So far this year, the ACT and Queanbeyan region have already seen more than 1,000 burglaries take place, so there’s never been a better time to protect your home and its contents. All it takes is a few simple measures that can make a drastic difference to your home’s security and stop opportunistic thieves in their tracks.
Here’s our seven-step guide to help keep your home safe and secure all year round.
With spring around the corner, your windows are finally going to get some use again so there’s now’s the time to make sure you have your window security sorted. Take the time to look at all windows closely, ensuring they are secure and sitting on their tracks, and that frames aren’t damaged. Check all fly screens for rust, tears or cracks and if they’re looking a bit worse for wear, replace them before the warmer weather arrives. Open windows, especially those visible from the street and passing foot traffic can make your home a target for burglars, so always close your windows when you leave the home and make sure they have fitted locks. Key-operated cylinder locks are a secure and reliable option, especially for windows on a ground floor.
Apart from windows, the most popular areas for burglars to gain access to your home is through your doors – front, rear, side, as well as the garage. It’s important that you frequently check your doors and their locks to ensure they are working, looking out for broken or loose parts and hinges, as they can easily become worn, rusty and rotten over time – especially when they’re exposed to the elements. Check that all of your external doors are sturdy and solid, and ideally, they should all have quality deadlocks installed. Even if your locks are in good working condition, burglars know ways to break into old models so compare your locks with modern options to make sure yours are up to scratch. A camera intercom next to your front door plus wide-angle peepholes in all external facing doors are other great ways to ramp up your home security measures.

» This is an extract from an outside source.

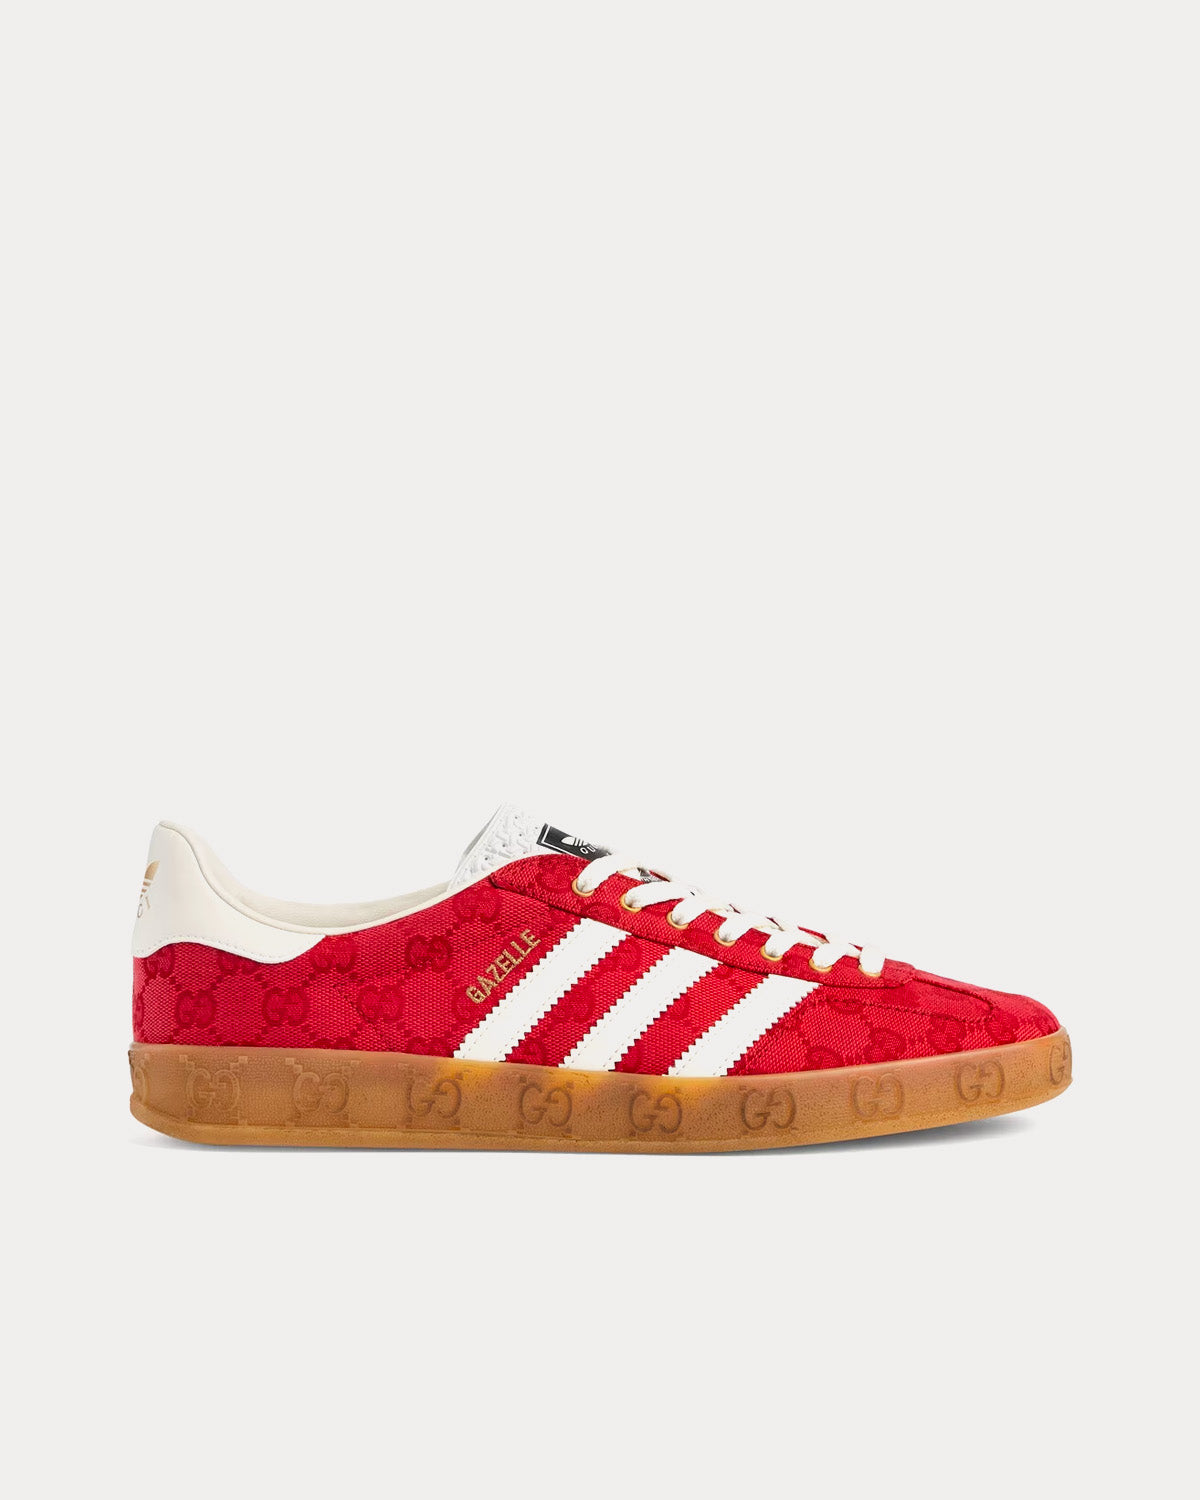 Adidas x Gucci - Gazelle Original GG Canvas red Low Top Sneakers

If you’re serious about protecting your home when you’re not in it, you might want to consider installing an alarm system. If you’ve already got one, then it’s important that you use it. It’s well known that many people don’t set their alarm, thinking that having one is a deterrent alone, but thieves are well aware of this trend. Make a habit of setting your alarm when you leave the house, even if you’re just going to the shop, but especially when going on holiday. Regardless of how long your holiday is, let your security company know your departure and return dates. If you're leaving the state or the country, give your security company the contact details of a friend or relative in case they can’t contact you or if they need access to your home. Having an alarm can also help to reduce your home insurance premium.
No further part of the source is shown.